* YOUR OBJECTIVE *
Although the data below contains pictures, please reproduce only its words, exactly.

* SUPPLIED MATERIAL *
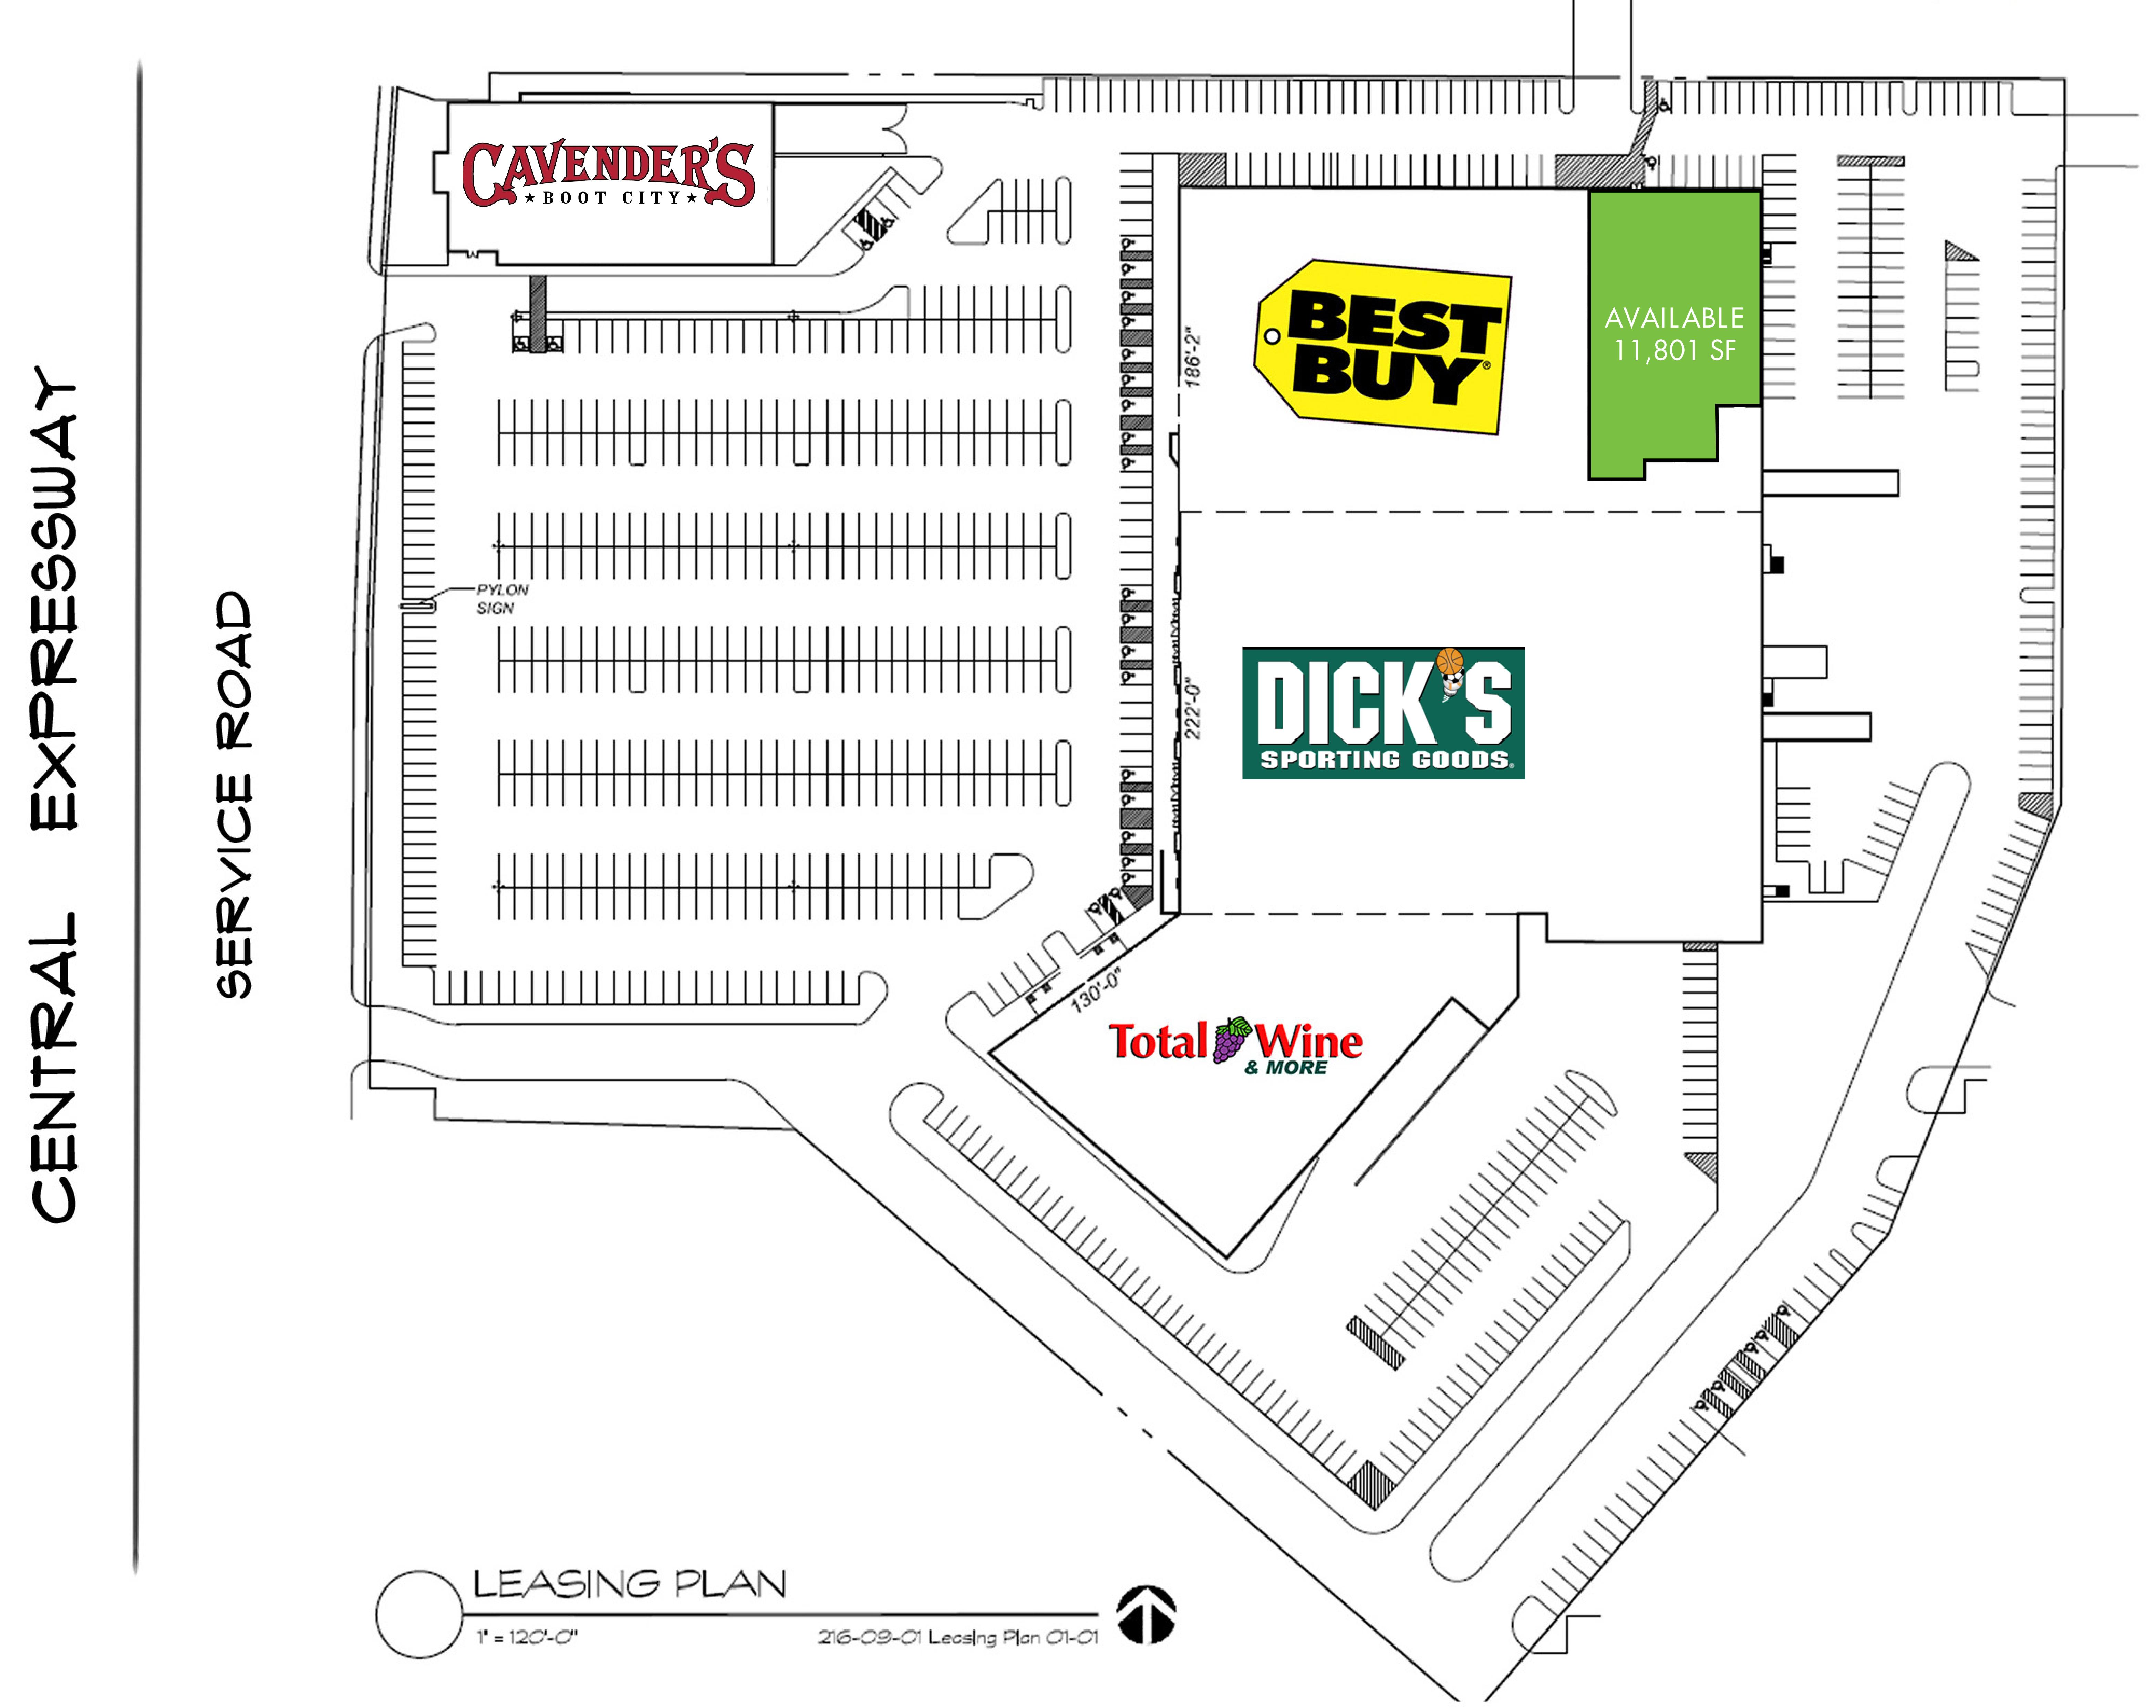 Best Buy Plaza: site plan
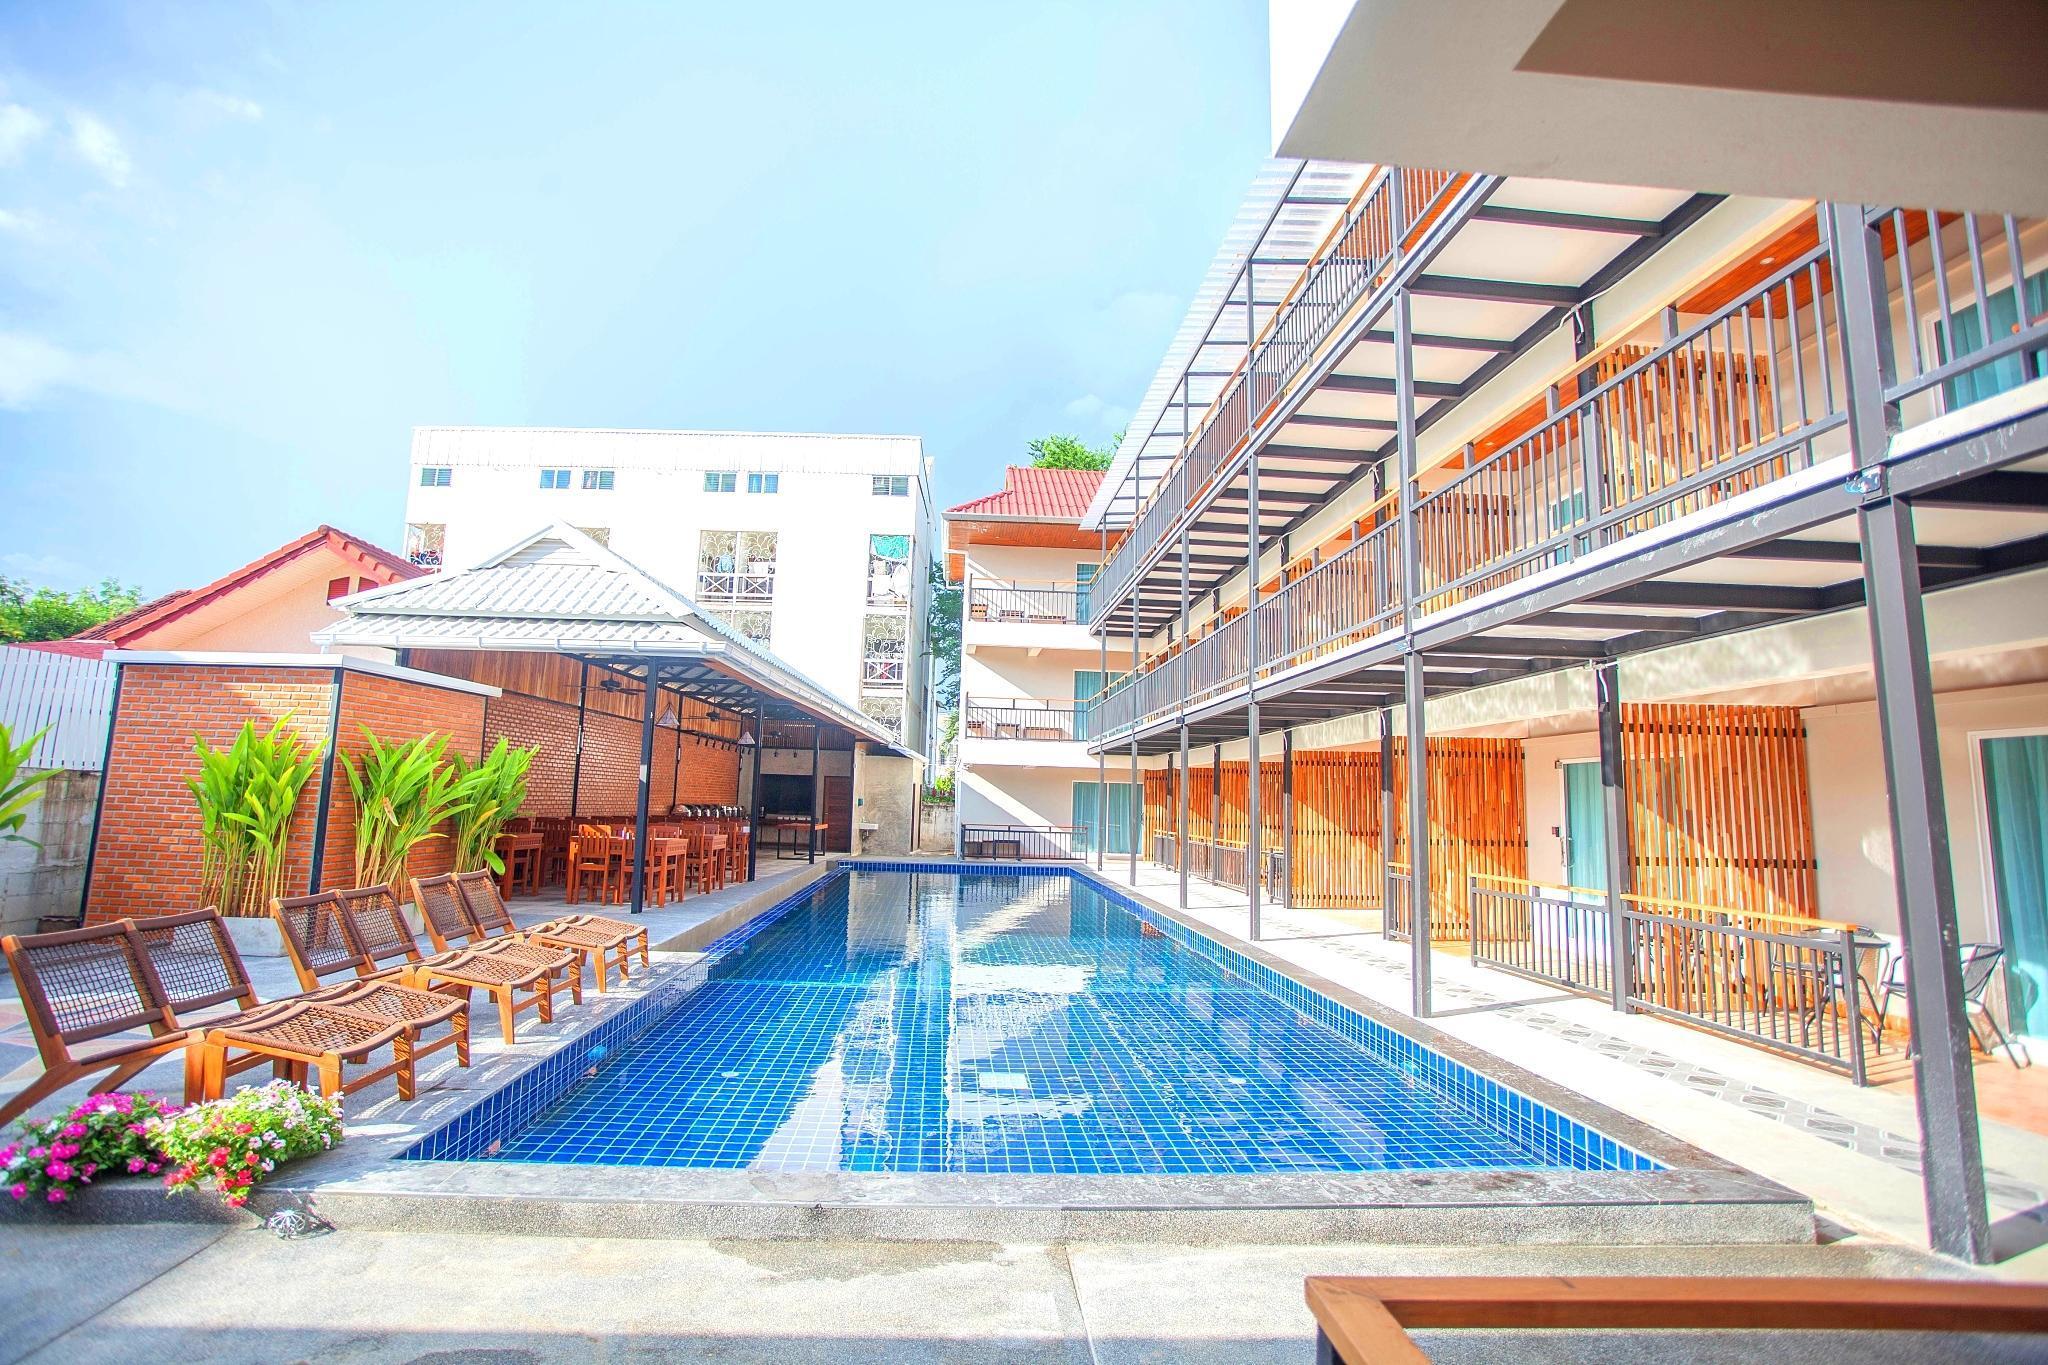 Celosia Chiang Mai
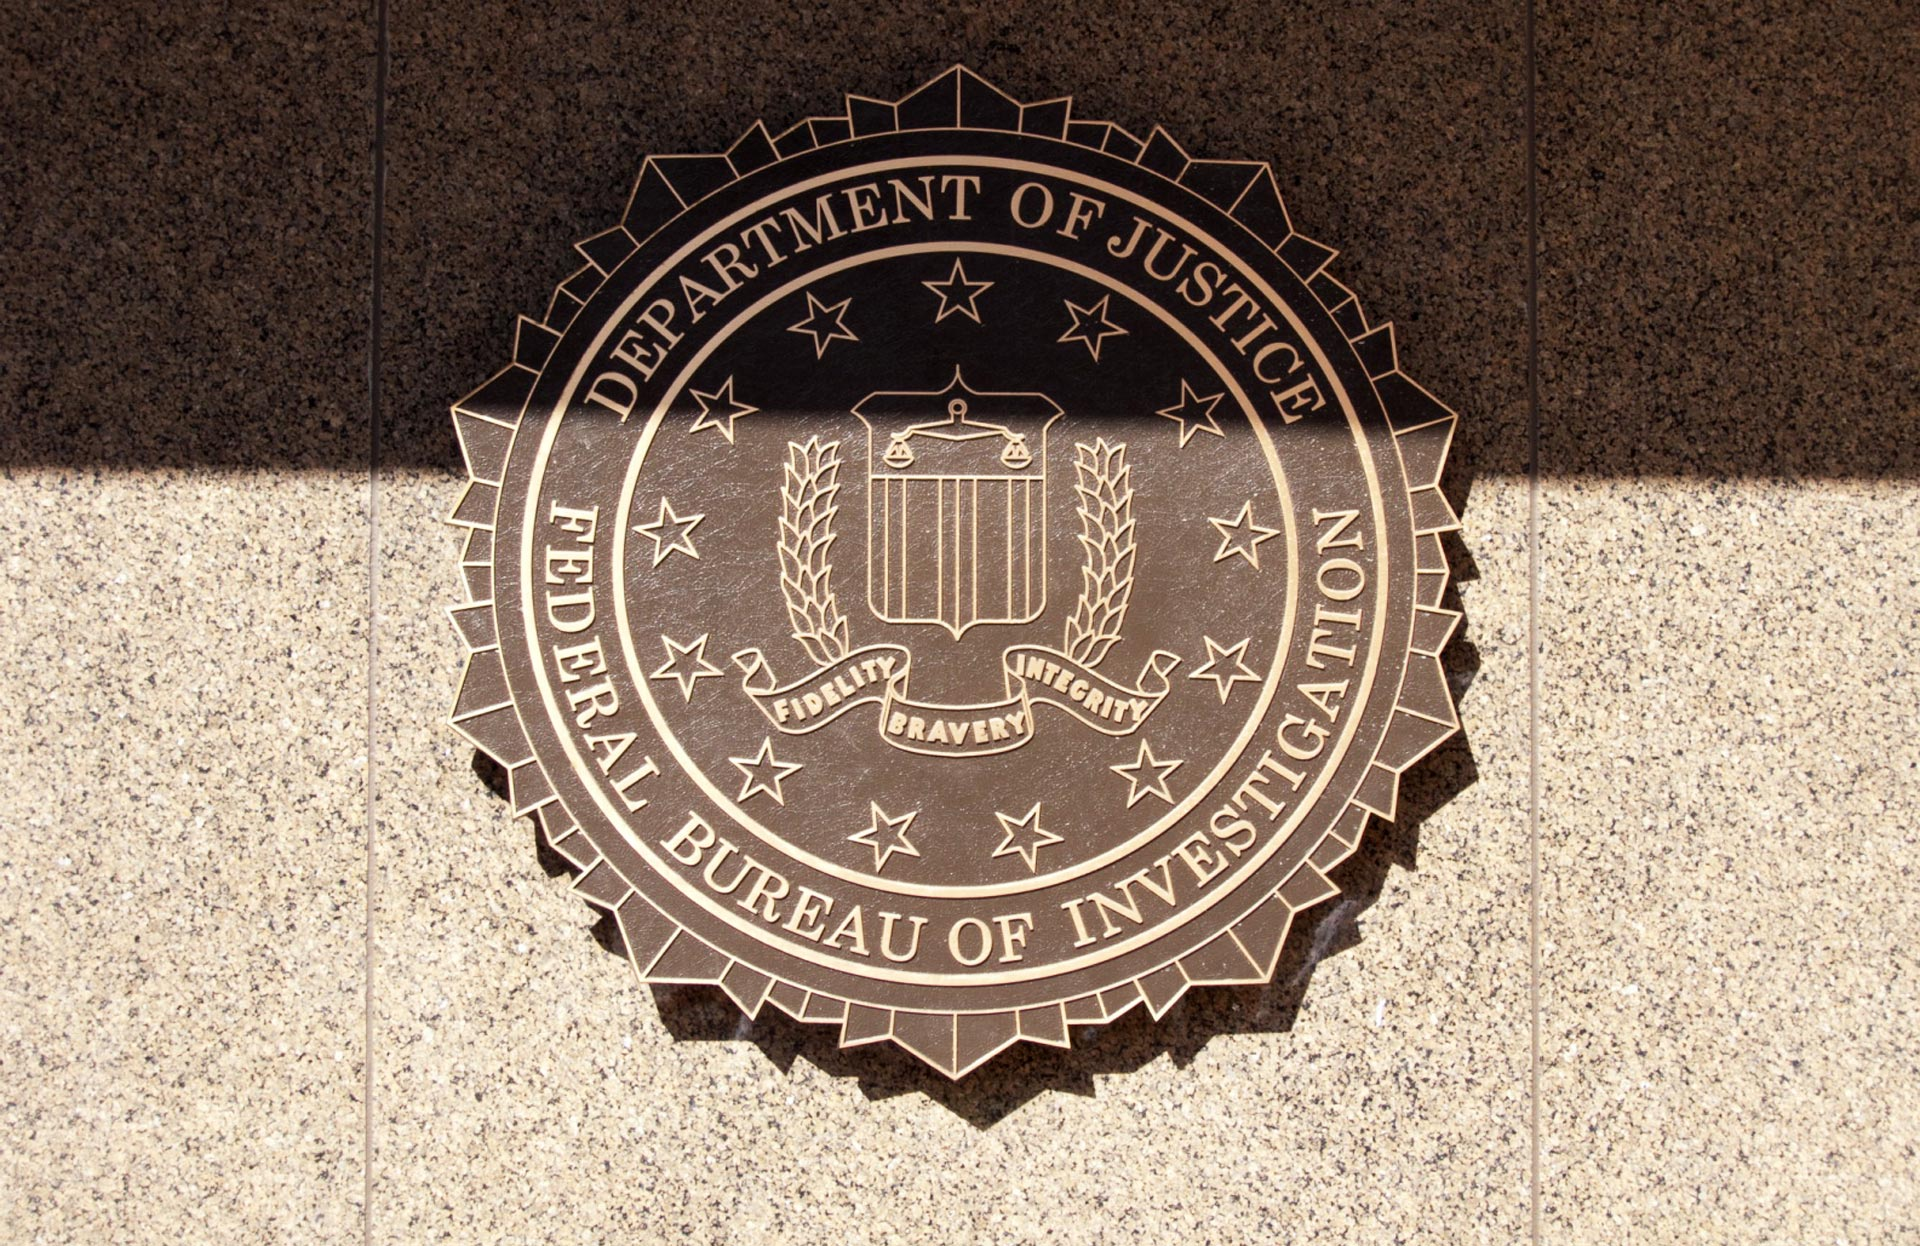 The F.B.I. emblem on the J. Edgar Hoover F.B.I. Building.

* ANSWER BELOW *
 Best Buy Plaza: site plan
 Celosia Chiang Mai
 The F.B.I. emblem on the J. Edgar Hoover F.B.I. Building.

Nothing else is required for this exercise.